Le caractère novateur de ce livre tient également à l’attention portée par plusieurs de ses contributeurs aux espaces, esquissant ainsi une géographie des structures de santé dans le paysage parisien du XIXe siècle. Outre l’Hôtel-Dieu, qui fait figure d’exception, ils décrivent parfaitement ce «grand mouvement centrifuge» caractérisé par la délocalisation des hôpitaux vers des périphéries dont l’atmosphère était perçue comme plus pure et pour répondre aux besoins d’une population industrieuse en forte croissance. La vogue des théories aéristes et de l’héliotropisme a même contribué au déplacement des hospices pour vieillards indigents et des asiles d’aliénés vers des campagnes rendues attractives par des considérations budgétaires et des projets de thérapie par le travail.

Avec leur implantation dans les quartiers ouvriers proches des banlieues, les hôpitaux ont connu un renouvellement de la population de leurs usagers. Plusieurs fonds d’archives, parmi les nombreuses sources de première main répertoriées dans l’ouvrage, permettent de mieux cerner la diversité sociale de cette patientèle où l’on compte de plus en plus de salariés, et notamment des accidentés du travail, bien étudiés par Isabelle Lespinet-Moret.

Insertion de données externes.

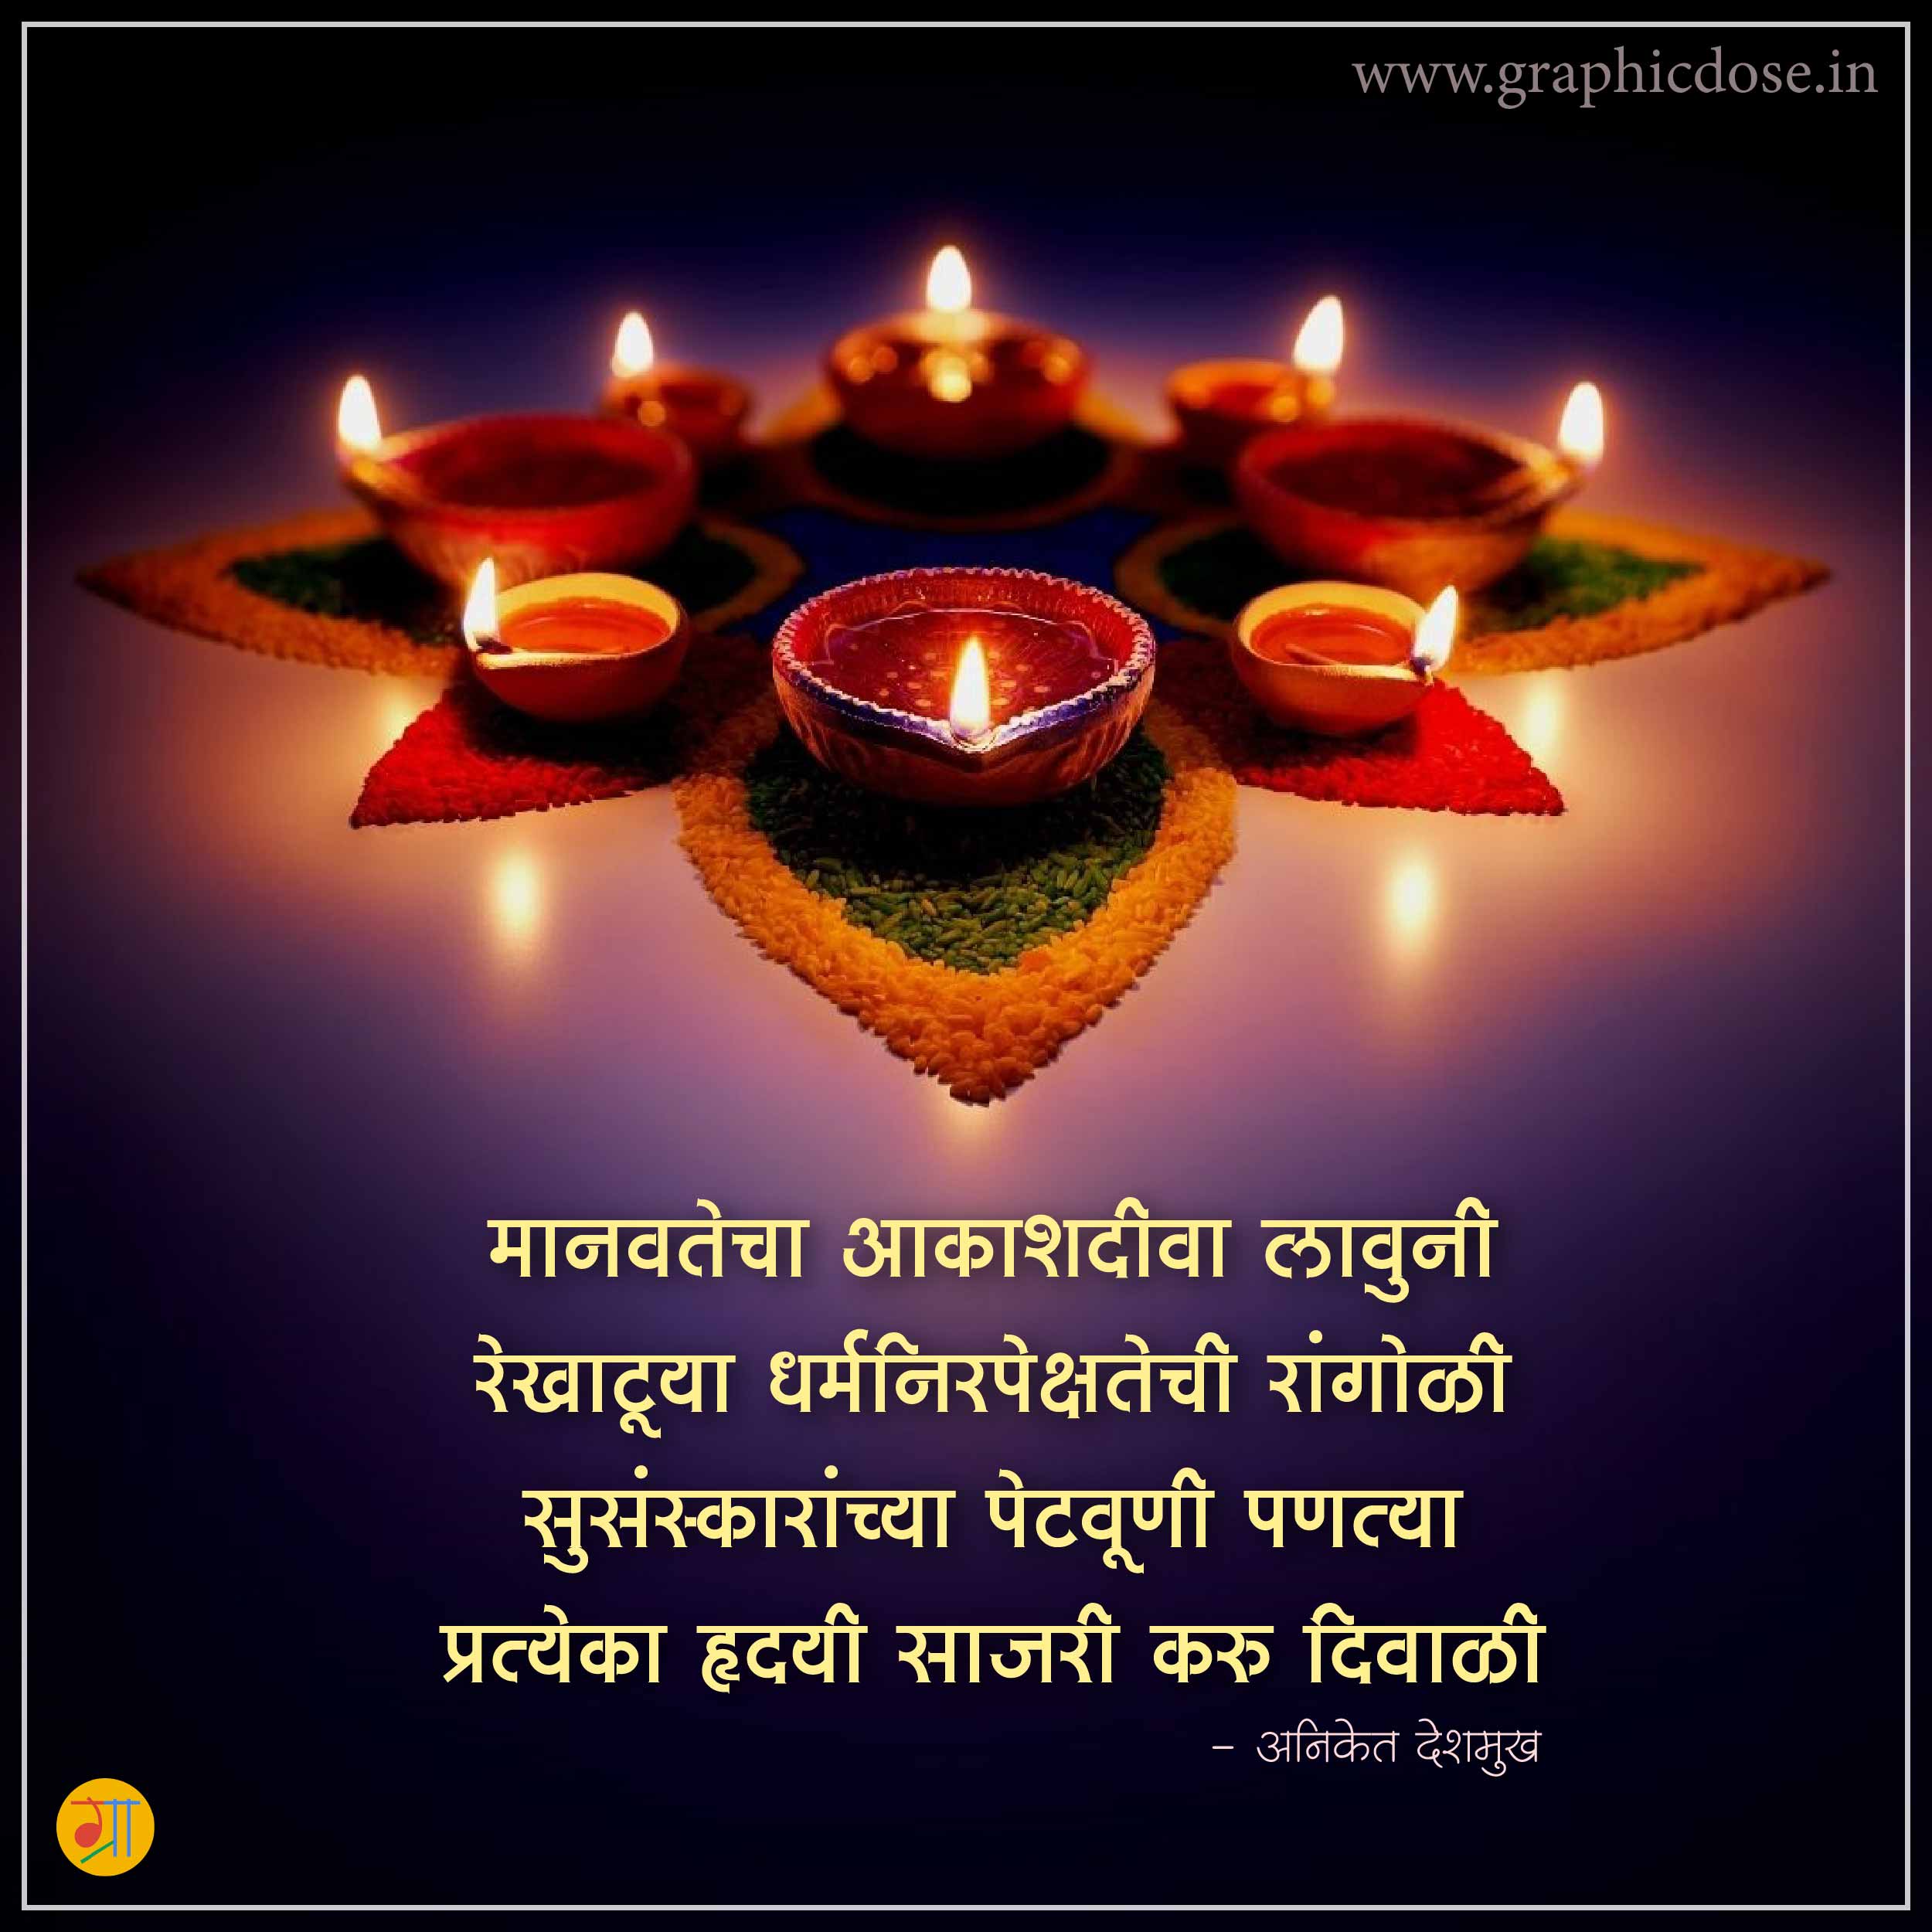 Diwali wishes in Marathi Graphic Dose
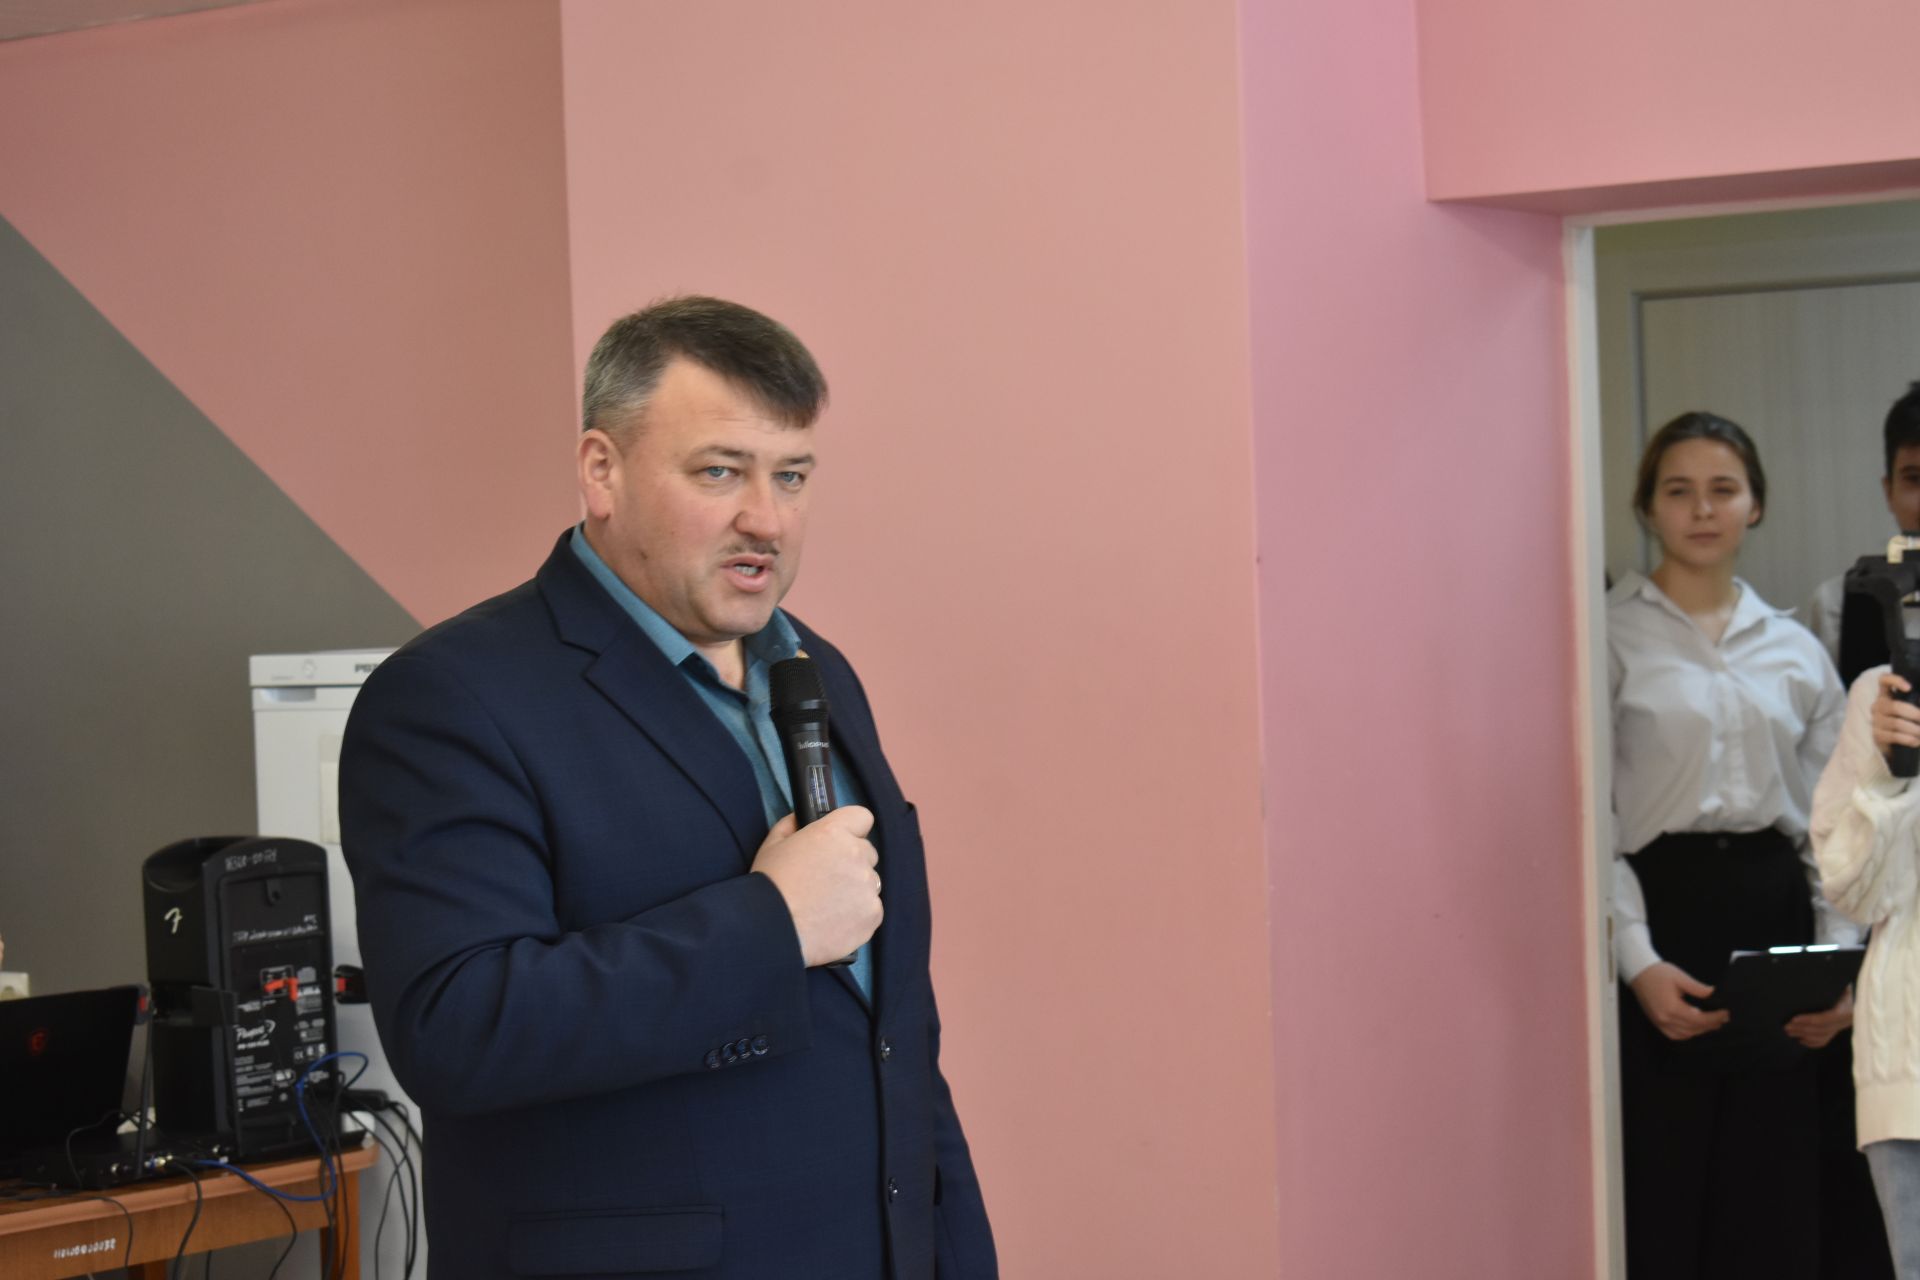 Глава Кайбицкого района поздравил жителей дома-интерната с праздником 8 марта

À la suite de l’adoption de plusieurs lois sociales par les républicains, les remboursements de séjour perçus par ces patients ont coïncidé avec le déclin des formes caritatives de financement et une socialisation de la médecine hospitalière.

Ce sont très certainement les pistes ouvertes par cette histoire sociale par le bas, attentive au public de l’hôpital, à son profil, ses misères et ses plaintes, qui apparaissent les plus fructueuses pour des recherches à venir. Mais l’ouvrage passionne également par ses études de cas qui, loin de se focaliser uniquement sur les hôpitaux, livrent des connaissances inédites sur d’autres dispositifs de santé comme les maternités, les bureaux de bienfaisance, les dispensaires, ou certaines spécialités médicales comme l’aliénisme et la gériatrie. Il faut enfin souligner l’admirable facture de l’objet lui-même : ce livre est soigné, bien relié, et la mise en page bénéficie d’une iconographie exceptionnellement fournie et de qualité. Les Maux & les soins s’impose donc tout à la fois comme une référence incontournable pour qui s’intéresse à l’histoire de la médecine, un outil de travail indispensable aux chercheurs et une pièce de choix pour les amateurs de beaux livres.